As the winner of the Eurovision Song Contest 2008 and host of the 2009 Contest, Russia automatically qualified for a place in the final, held on 16 May 2009. In addition to their participation in the final, Russia was assigned to vote in the second semi-final on 14 May 2009.

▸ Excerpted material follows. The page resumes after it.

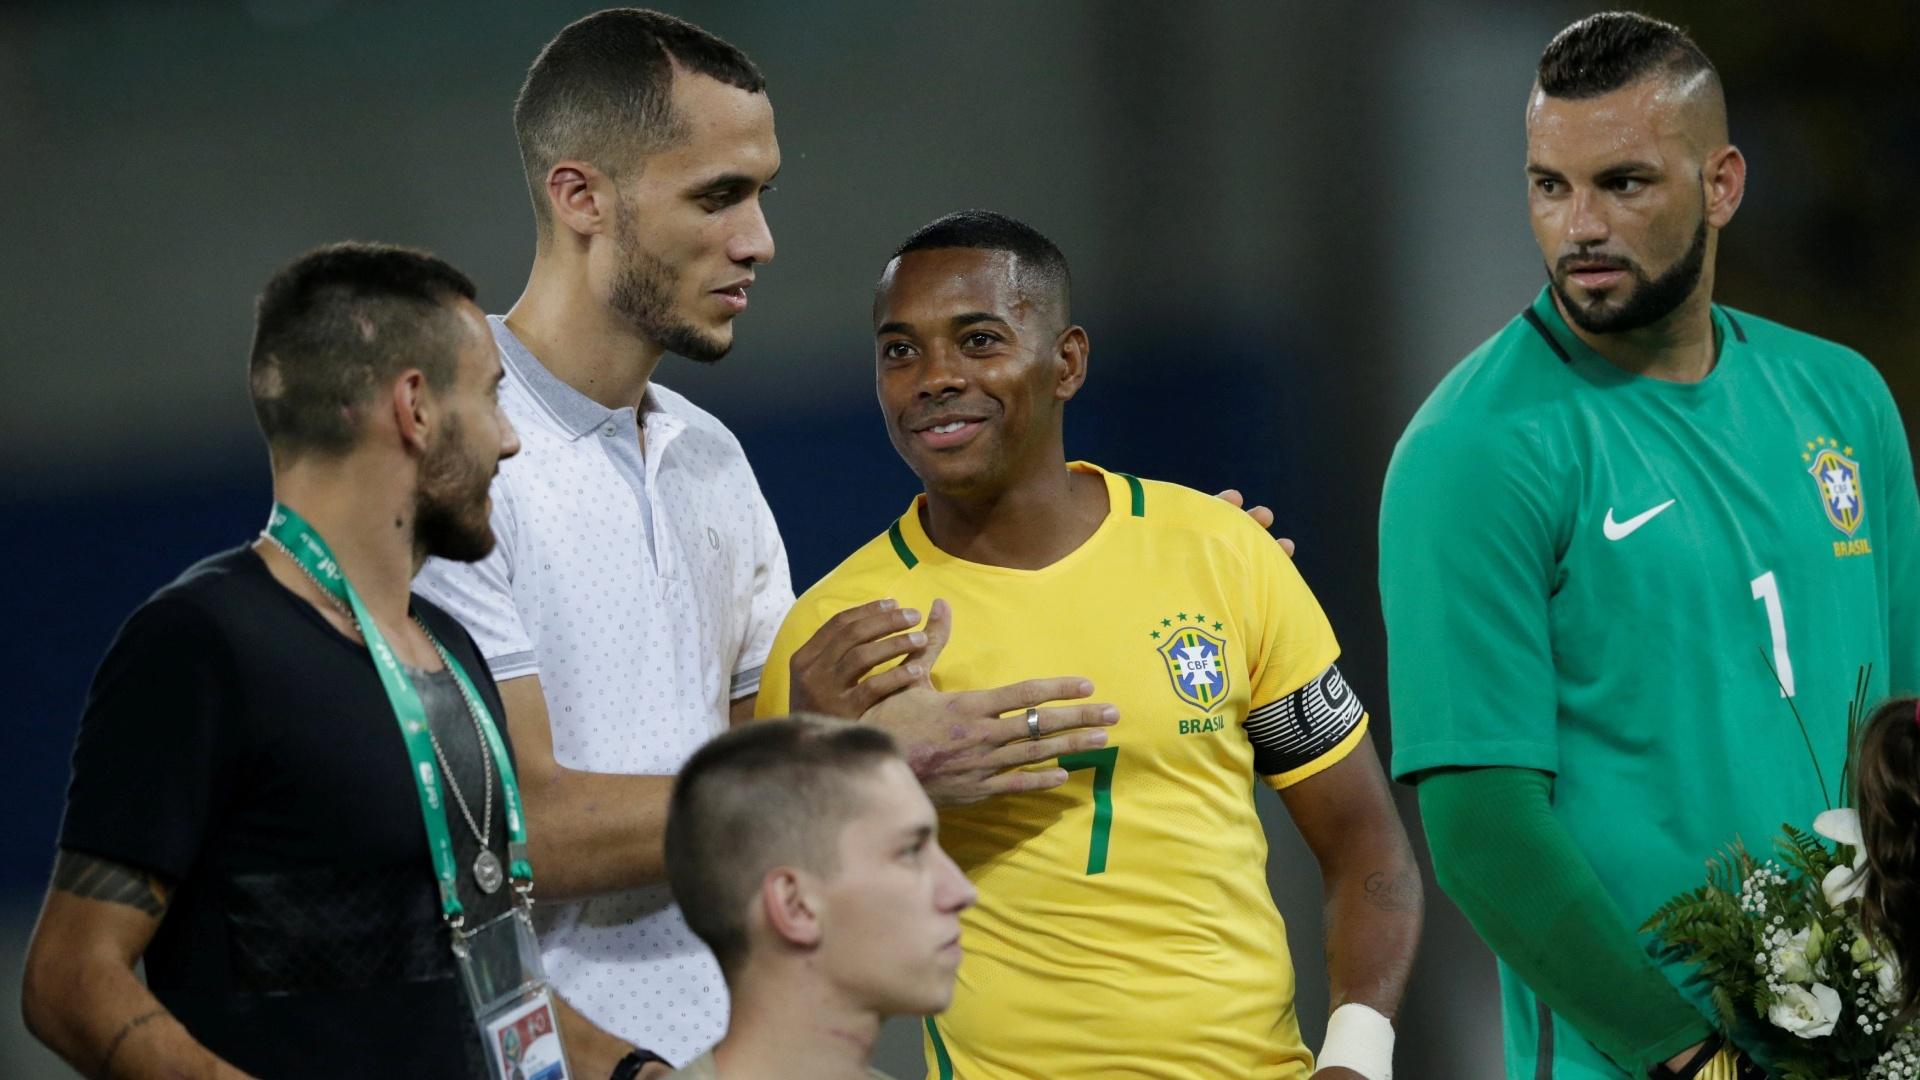 Capitão da seleção no amistoso, Robinho cumprimenta o zagueiro Neto e o lateral Alan Ruschel antes da partida

During the draw for running order on 16 March 2009, Russia was drawn to perform 10th in the final. In the final, Russia performed following Armenia and preceding Azerbaijan. The Russian performance featured Prikhodko in a white dress joined by five backing vocalists dressed in costumes with ethnic elements. The various screens of the stage displayed Prikhodko's face being progressively aged while singing the lyrics of the song. Russia placed 11th in the final, scoring 91 points. On 31 July 2009, the European Broadcasting Union released the split results for the final.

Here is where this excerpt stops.